Wednesday, November 13, 2019

The Moral Judges of Nathaniel Hawthornes The Scarlet Letter :: Scarlet Letter essays

The Moral Judges of The Scarlet Letter If human beings are evil, then they can easily appoint themselves as judges, and from their point of view, the decisions they make are moral. These judges try to make themselves look better, by lowering the criminal below their level. These moral judges also try to play God, by selecting, and if they have enough power, executing their decision as a punishment for the crime committed. It is as clear as glass, that these decisions that come from evil beings will also be immoral, and evil. Decisions made by moral judges reflect how much evil they possess within them.

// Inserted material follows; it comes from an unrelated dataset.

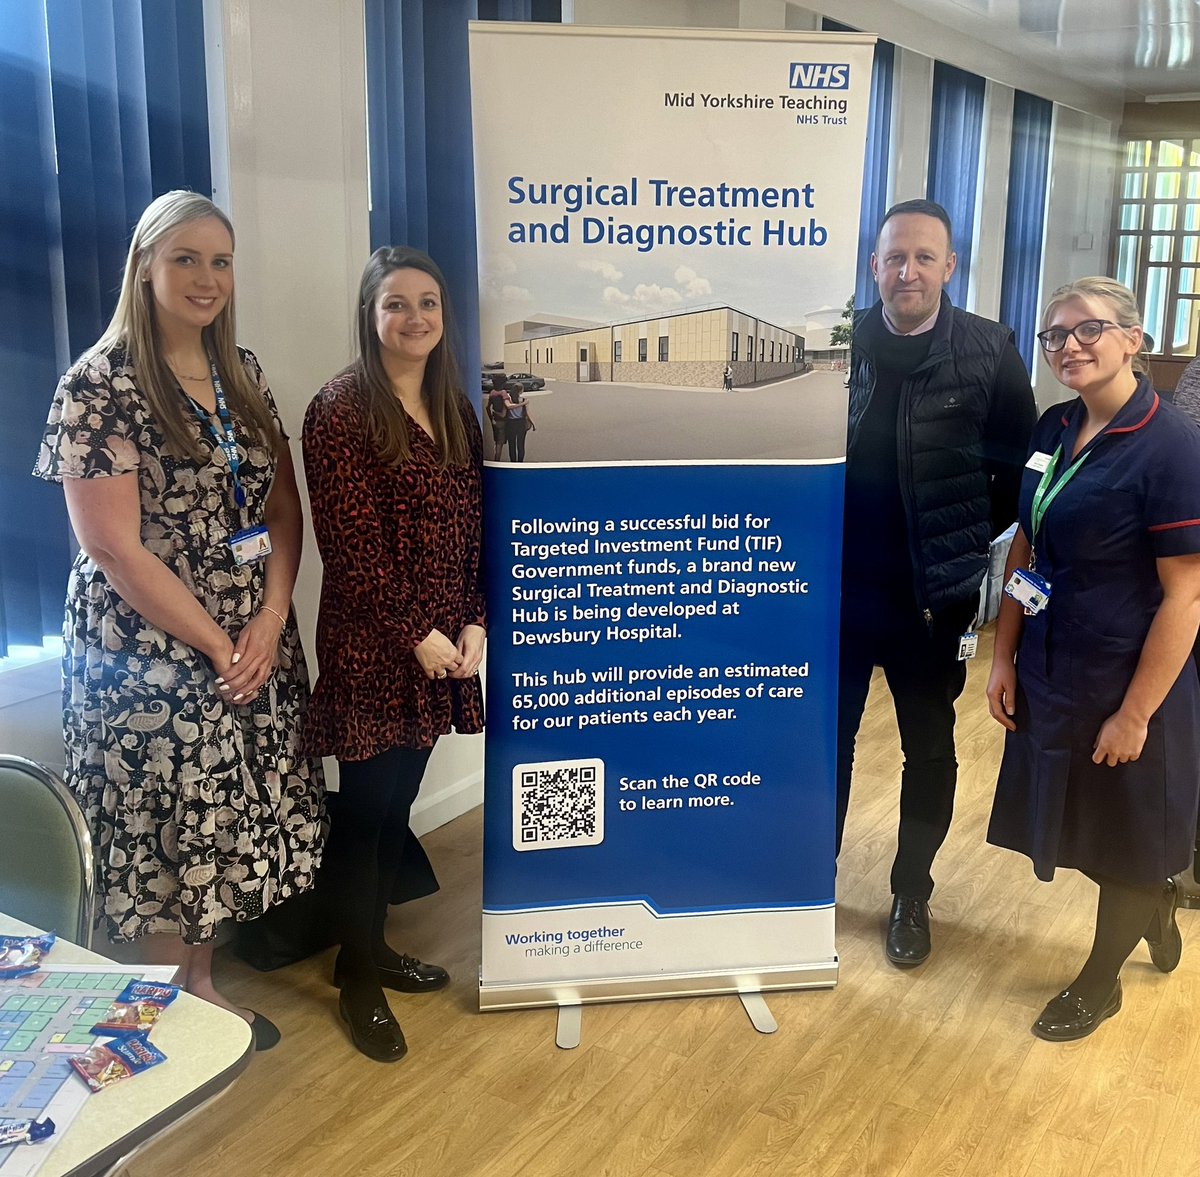 Myself, Lucy & Catherine from the project team and Paul from estates are in the Canteen. We’ve got sweets and chocolates! Lots of questions answered already 🏥⚒️ @DosMyht @RebeccaSaville4 @richmct @Miss_KeelyR

Hester had to stand on the scaffold, which was a place for public shame, and had everybody judge her for her crime, committing adultery. This punishment was decided for her by a group men who had political power. These men also thought that they were punishing an evil person, Hester, because she had sinned, and offended God. If that was true, why would a mortal decide, and act as God for God? These men in power made Hester look bad, so people on town would think that they are better than Hester, and because of that they would not sin, or they will too, will be punished. When Hester was standing on the scaffold, she was being judged by everybody, and since humans are evil, than their response towards her were not be positive, but evil. A group of women were talking with each other, and deciding on a punishment for Hester: "'What do we talk of marks and brands, whether on the bodice of her gown, or flesh of her forehead,'" (p. 49). To which another replied "'This woman has brought shame upon us all, and ought to die'" (p. 49). It is a good thing they didn't have any political power. This shows how full of evil these human self appointed judges are, and they do not only judge Hester, they also judge judges' decision. Hawthorne comments this barbarism by describing these judges: "...the ugliest as well as the most pitiless of these self-constituted judges," (p. 49). These evil women set themselves up themselves as moral judges in order to make themselves look like angels, by turning Hester into a devil.